For three years, between 1997 and 2000, Outlook took out a series of issues that probed match-fixing and betting scandals and exposed fault lines in Indian cricket.

Outlook's Covers Probing Indian Match-Fixing Scandal Outlook India Magazine
Summary
  • Manoj Prabhakar accused a teammate of offering him Rs 25 lakhs to perform poorly 

  • Staying away from the easy lure of sensationalism, Outlook stayed true to facts

  • Almost three decades later,  India's obsession with cricket is as strong as ever

Irreverence isn't an easy word to throw around in a country like ours. Where institutions and traditions not only define the past but also shape the present - immune from questions and criticism. In 1997, a still blooming publication, nestled in Delhi, dared to question and shake the foundation of one such institution - cricket. What inspired the journalists at Outlook, to touch an almost sacred obsession - was probably then a question of national intrigue, and now, a moment of quiet retrospection. 

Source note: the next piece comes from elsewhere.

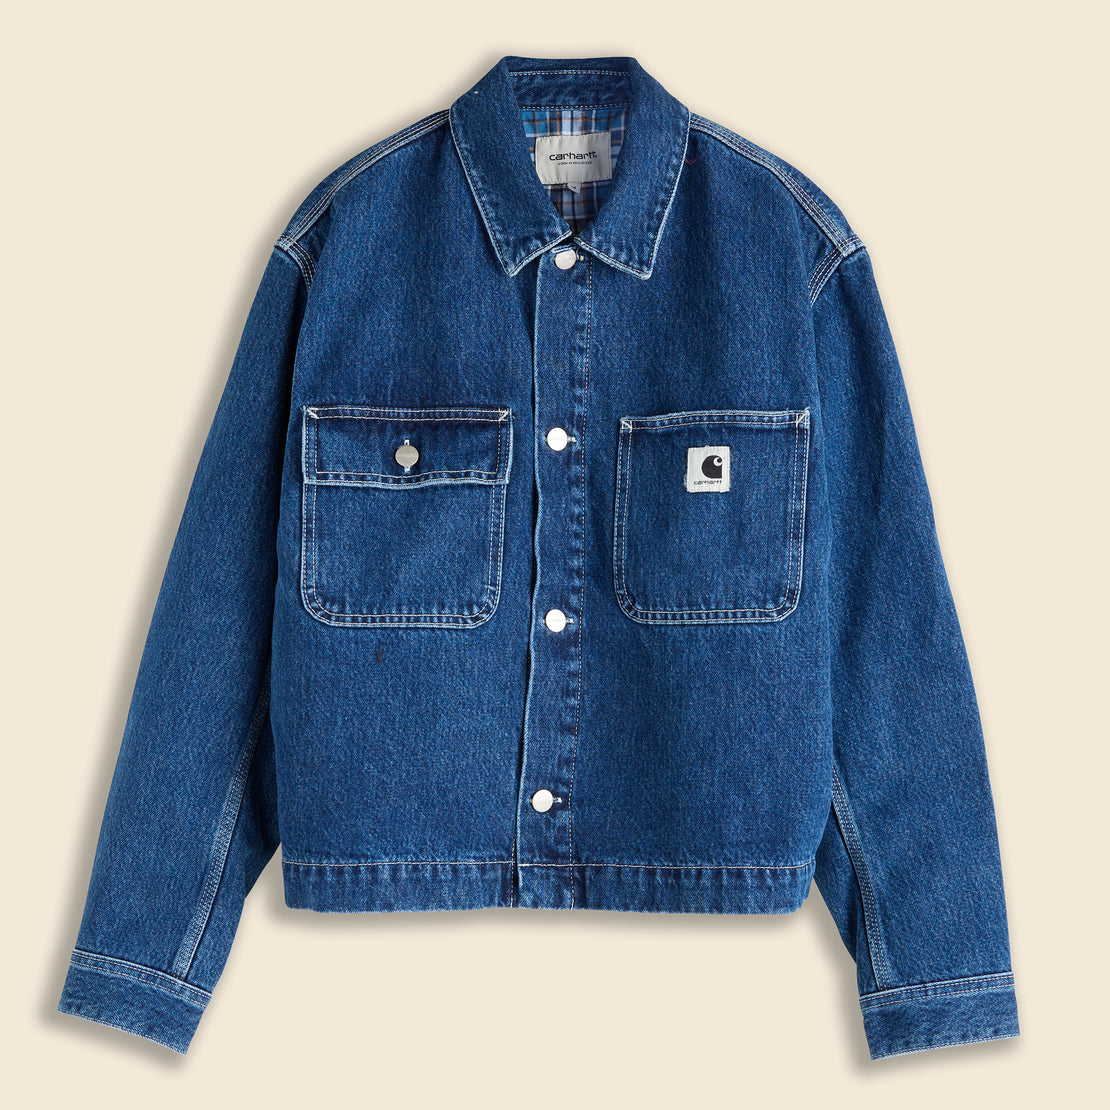 Carhartt WIP Rider Shirt Jacket - Blue Stone Washed

Over the course of three years, between 1997 and 2000, Outlook took out a series of issues, which probed match-fixing and betting scandals that poisoned Indian cricket from within and brought to surface groundbreaking revelations. A country, suddenly deprived of its pride and obsession, demanded answers and accountability. And Outlook was at the forefront, asking the difficult questions, before others dared to.

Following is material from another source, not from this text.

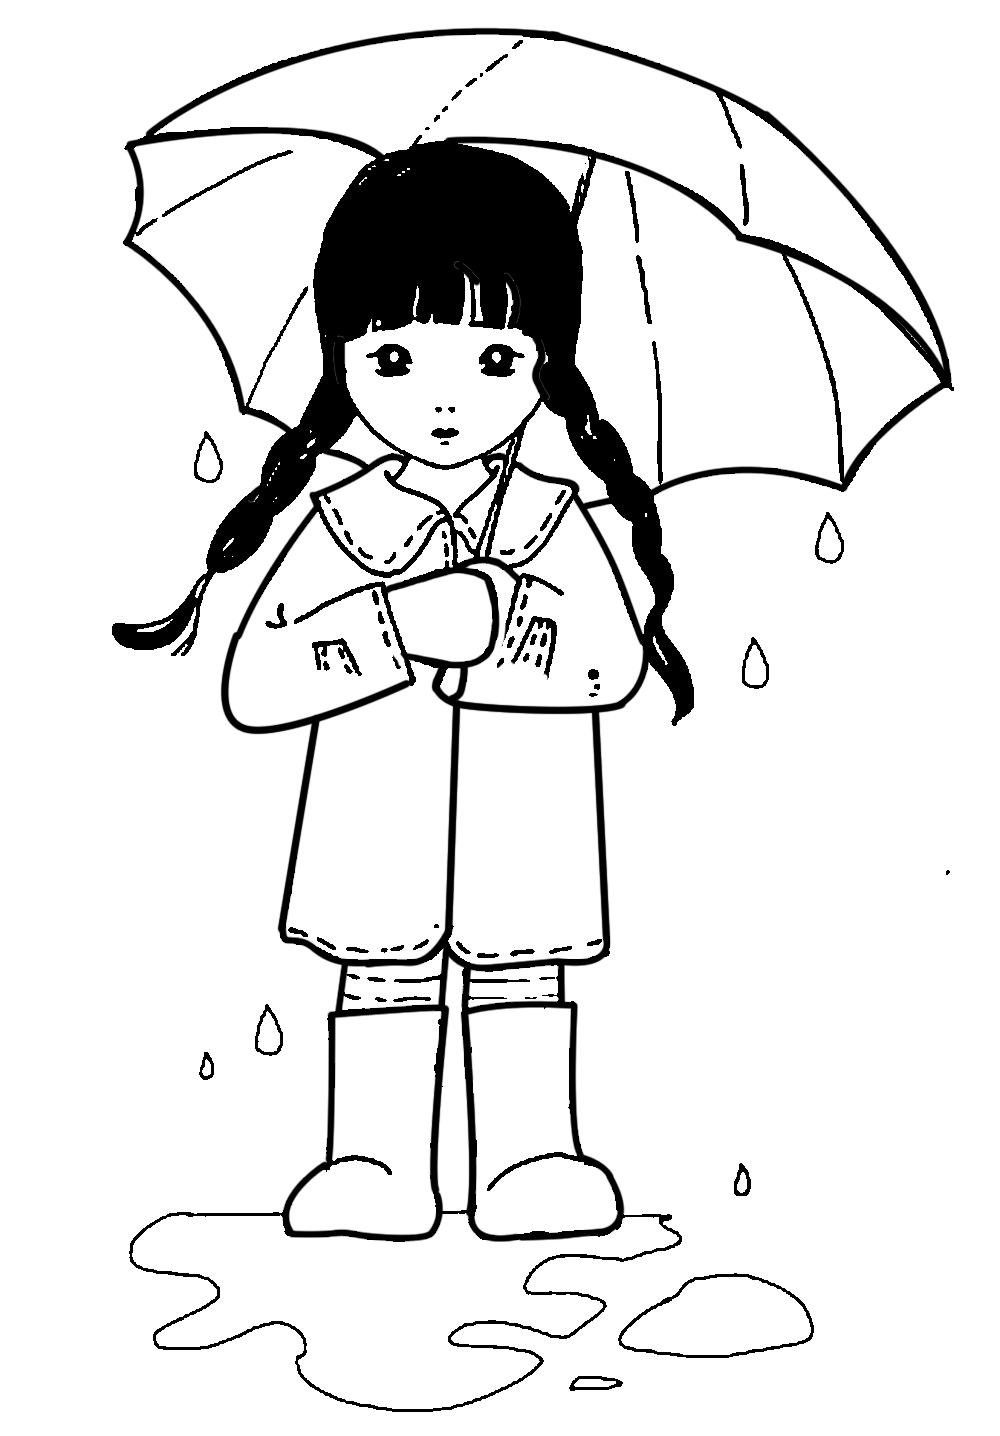 clipart girl with umbrella - photo #17

In a conversation with Outlook for its 1997 issue, India's Worst Kept Secret, all-rounder Manoj Prabhakar accused an unnamed teammate of offering him Rs 25 lakhs to perform poorly in the India-Pakistan encounter of the 1994 Singer Cup in Colombo. This triggered Outlook's series of daring investigations into the scandal, steadily presenting facts against shaken faith. With the Chandrachur Commission failing to unearth the skeletons, the country remained dissatisfied with the attack on cricket, carefully keeping an eye on the magazine's exposé.

Staying away from the easy lure of sensationalism, Outlook stayed true to facts and divorced from bias.  It looked at the labyrinthine nexus from its very rotten core. In the issue dated June 5, 2000, the magazine reported that Prabhakar who had earlier put his teammates under the bus, was also equally involved in the scandal. The investigative report said Prabhakar's name cropped up in conversations that were tapped by the Mumbai Police's crime branch in November 1996 during the Titan Cup. Though Prabhakar did not figure in the team, he was allegedly the key person in organising bets with the bookies. 

Outlook's reports brought clarity to the haze, as the country witnessed a series of events rounding up the fiasco. With Kapil Dev breaking down in an interview with allegations levelled against him by Prabhakar, and the then captain Mohammed Azharuddin finding himself in the eye of the storm, cricket was shaken, as was the country, suddenly bereft of its heroes.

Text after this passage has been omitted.